В тот год весна ударила резко, с южным ветром.
Моей бабушке, Анисье Романовне, в январе уже стукнуло шесть лет. Стояла она со своим отцом, моим прадедом, у самой кромки льда. Там, где таможенные карантины еще раз обычно щупали купеческие обозы на предмет контрабанды и чумной заразы, теперь стоял казачий пикет.
Картина была эпическая, достойная кисти Верещагина, если бы тот любил рисовать весеннюю распутицу. Лёд на реке потемнел, стал ноздреватым, как старый сахар, и напитался водой. Казаки, ребята серьезные, с нагайками и в фуражках набекрень, переправу закрыли. — Нельзя, православные! И неправославные тоже! — гаркал урядник, подкручивая ус. — Иртыш-батюшка серчает, лед «шипит», вот-вот двинется! Ну а коли быстро сойдет - пустим паром.
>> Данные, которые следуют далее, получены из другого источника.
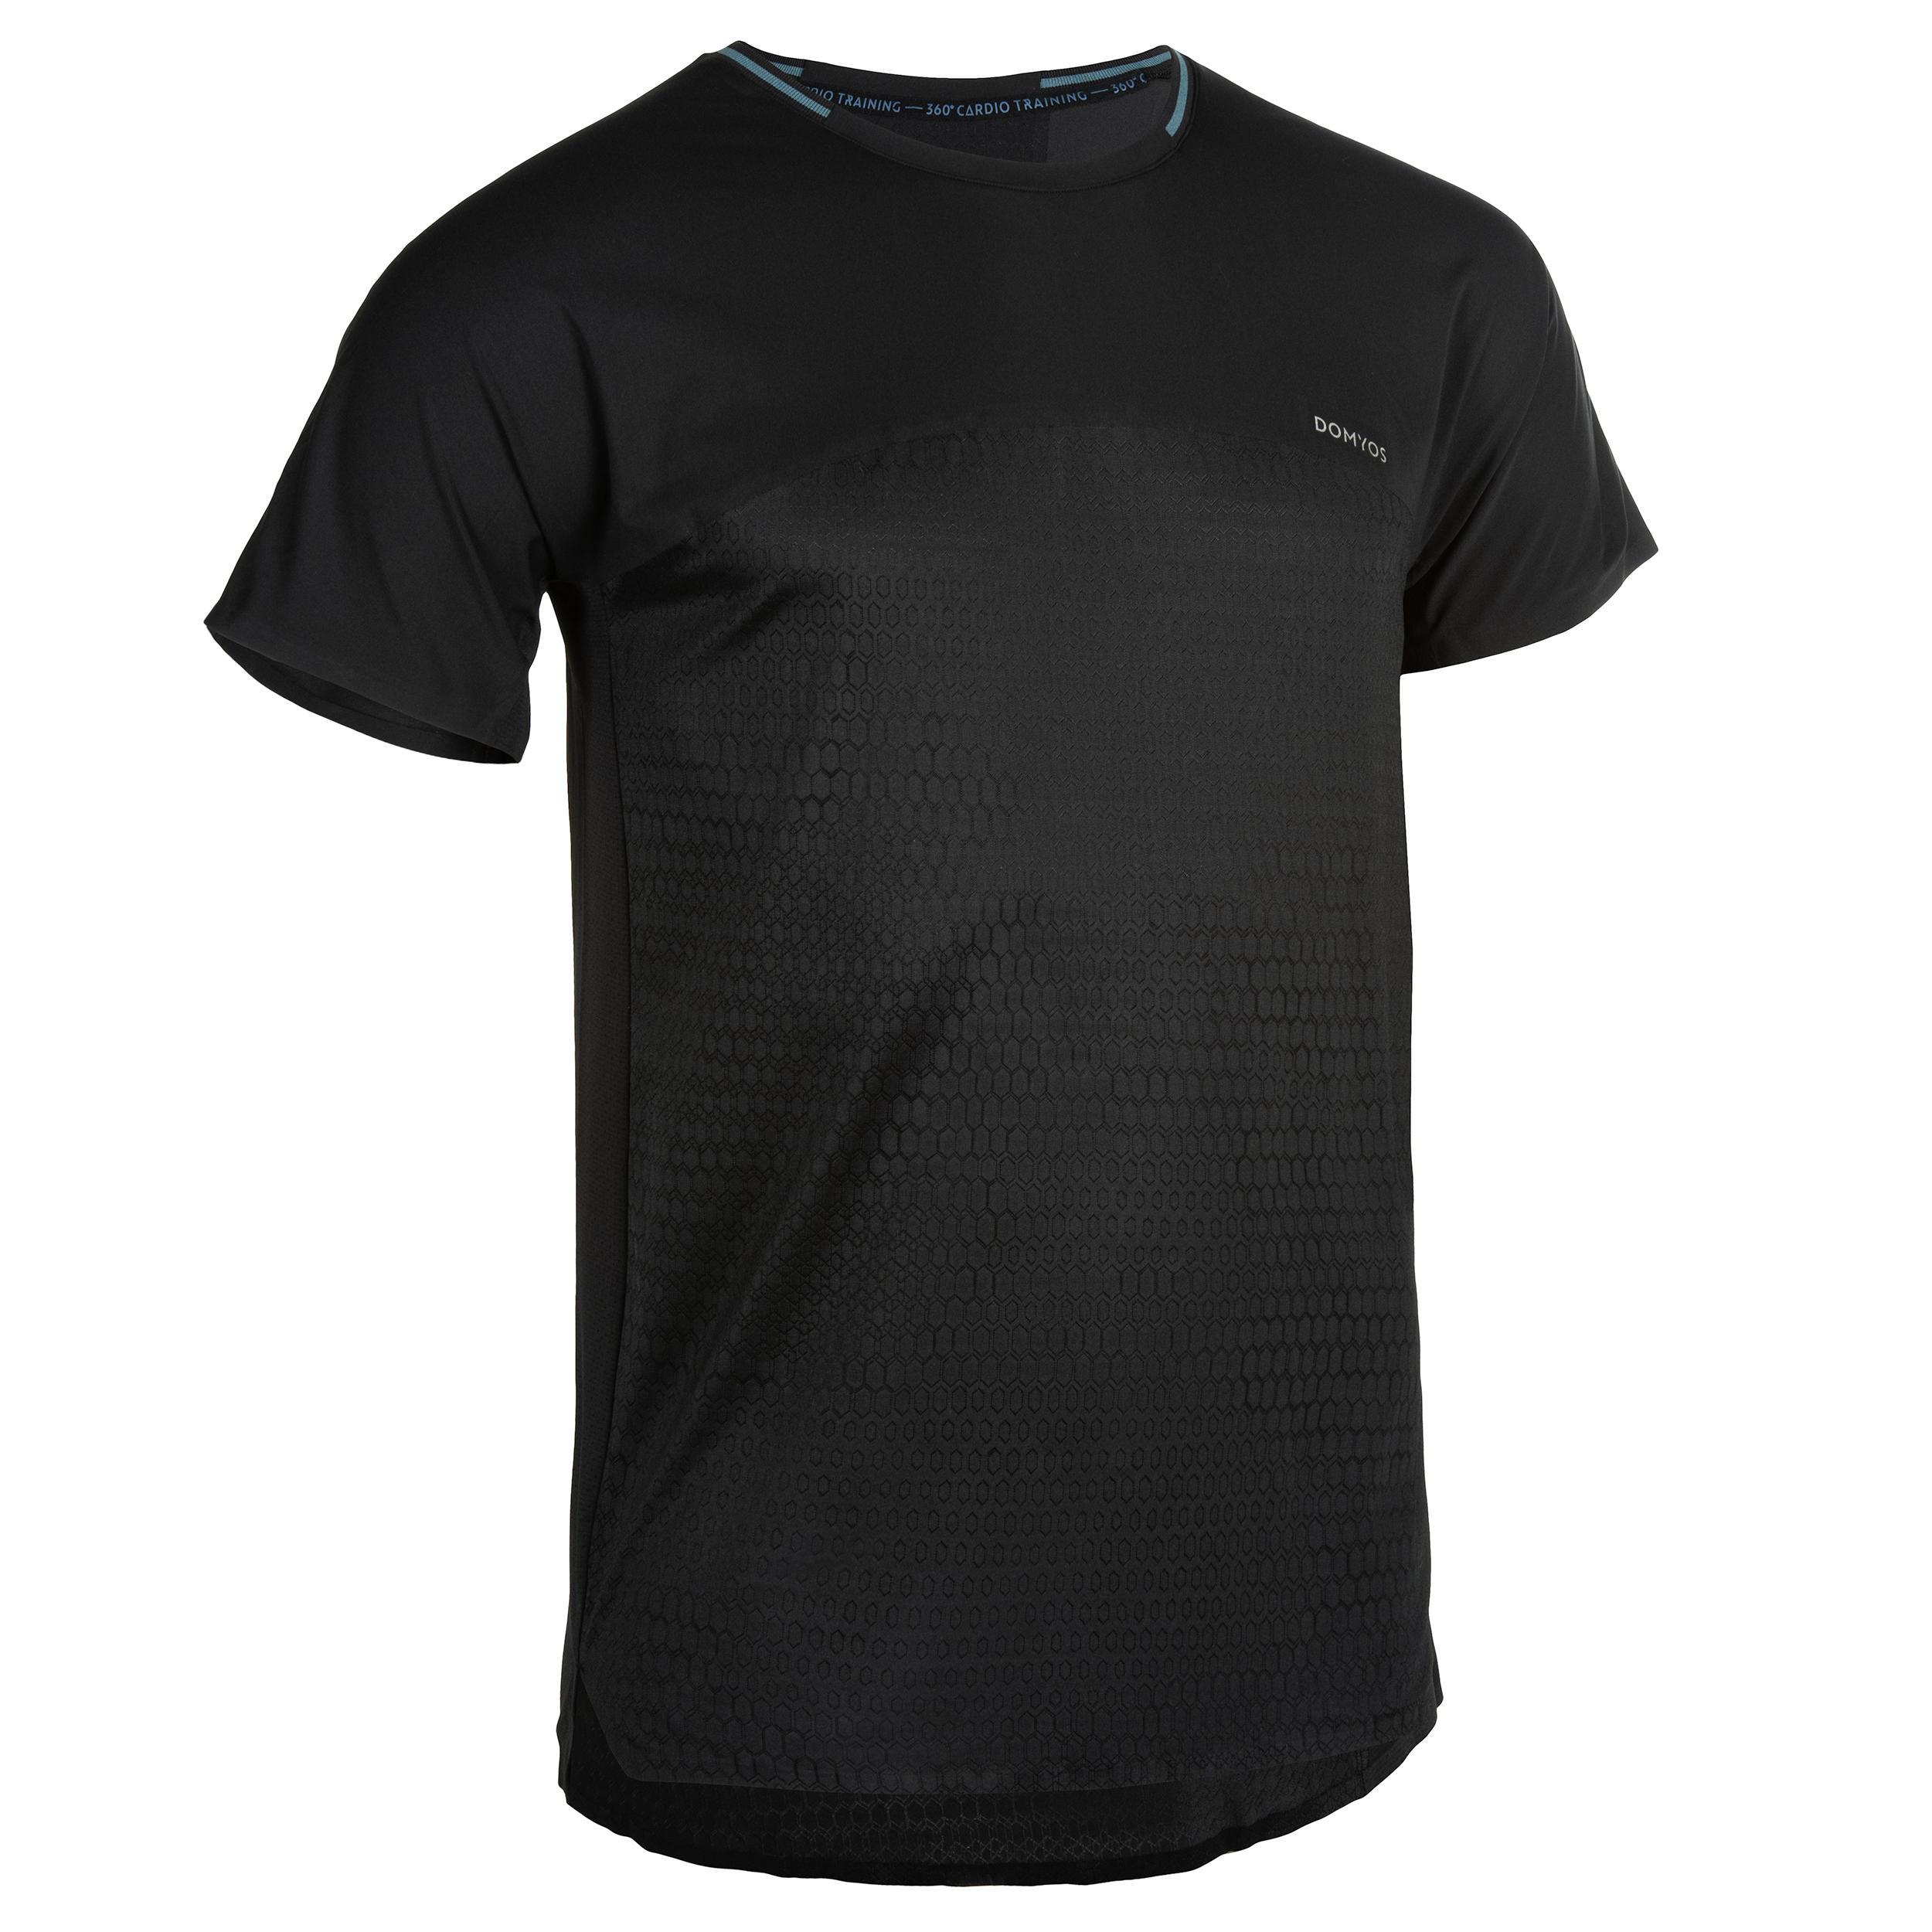 T-Shirt FTS 920 Fitness Cardio Herren schwarz | Sportbekleidung > Sportshirts > Poloshirts | Schwarz | Domyos

Народу скопилось — тьма. Тут тебе и русские мужики с пустыми санями которые еще долго таскались пока вся грязь не засохнет по дорогам, и татары в тюбетейках, и важные сарты с тюками. А поодаль — кочевье. Юрты на тех же санях да скрипучих арбах, стойкий запах кошмы, курдючного сала, курта и кумыса.
И вот, откуда ни возьмись, отделяется от толпы аксакал. Древний, как сама степь, лицо — печеное яблоко, в глазах — вечность и абсолютное презрение к суете (и к законам физики заодно). Ведет он верблюда. А на верблюде, меж горбов, восседает его байбише — старшая, почтенная жена, закутанная в шелка и бархат, как драгоценный куль с изюмом с вавилонской башней из платков у себя на голове.
Казак ему путь преграждает: — Куда прешь, старый? Аташка, сказано — закрыто! Потопнешь к шайтановой матери! А дед на него смотрит сквозь прищур и, видать, думает: «Ты здесь, служивый, сто лет стоишь, а мой род здесь тысячу лет ходит. Ертic меня знает, Иртыш меня не тронет». Махнул он рукой, что-то буркнул на своем найманском наречии — мол, не учи ученого, — и двинул верблюда прямо на потемневший лед. Казаки только плюнули: «А, пёс тобой, тони, коли охота!»
И вот, представьте сцену. Тишина повисла над берегом такая, что слышно, как льдины шепчутся. Идет величественный корабль пустыни по зыбкой тверди. Шаг, другой, третий… Анисья, девчонка совсем, вцепилась в тулуп отца, глаза распахнула — страшно и интересно.
Прошли шагов двадцать. Фарватер реки тут меняется каждый год. В прошлом году был там, а нонче здесь, теченье гуляет как хочет. И вот — предательский хруст, похожий на выстрел. Лед под верблюдом не просто проломился, он «развязался», разошелся, как гнилая ткань. Огромная туша животного вместе с восседавшей на нем байбише ухнула в ледяную черноту.
Иртыш в том месте быстрый, коварный, течение - верст пять в час — это вам не шутки. Даже «ой-бой» сказать не успели. Только чалма мелькнула, даже пузырей не было. Смыло их мгновенно, утащило под ледяной панцирь, в темное царство налимов и осетров.
Толпа ахнула. Казаки шапки сняли, перекрестились. Женщины завыли.
А что же аксакал? Он остановился у самого края полыньи. Постоял минуту, глядя в черную, бурлящую воду, где только что исчезло всё его семейное счастье и значительная часть движимого имущества. Лицо его не дрогнуло - ни единой эмоции. Ни одна морщинка не изменила своего географического положения.
Он медленно набрал в рот воздуха, смачно, с чувством глубокого философского удовлетворения, харкнул прямо в центр полыньи, поправил свой тулуп и… спокойно пошел дальше, на левый берег. Один. Пешком.
Потому что, как говорится, Аллах дал — Аллах взял. А верблюды нынче дороги, жены еще есть у него - новую искать не придется… Но переправа-то, в сущности, состоялась.
Вот так, и мы по жизни идем. Казаки кричат «Нельзя!», здравый смысл кричит «Опасно!», а мы премся на лед со своим скарбом. И когда все рушится, только и остается, что плюнуть в полынью и идти дальше. Ибо хотя и Memento Mori, друзья мои, но жить-то надо.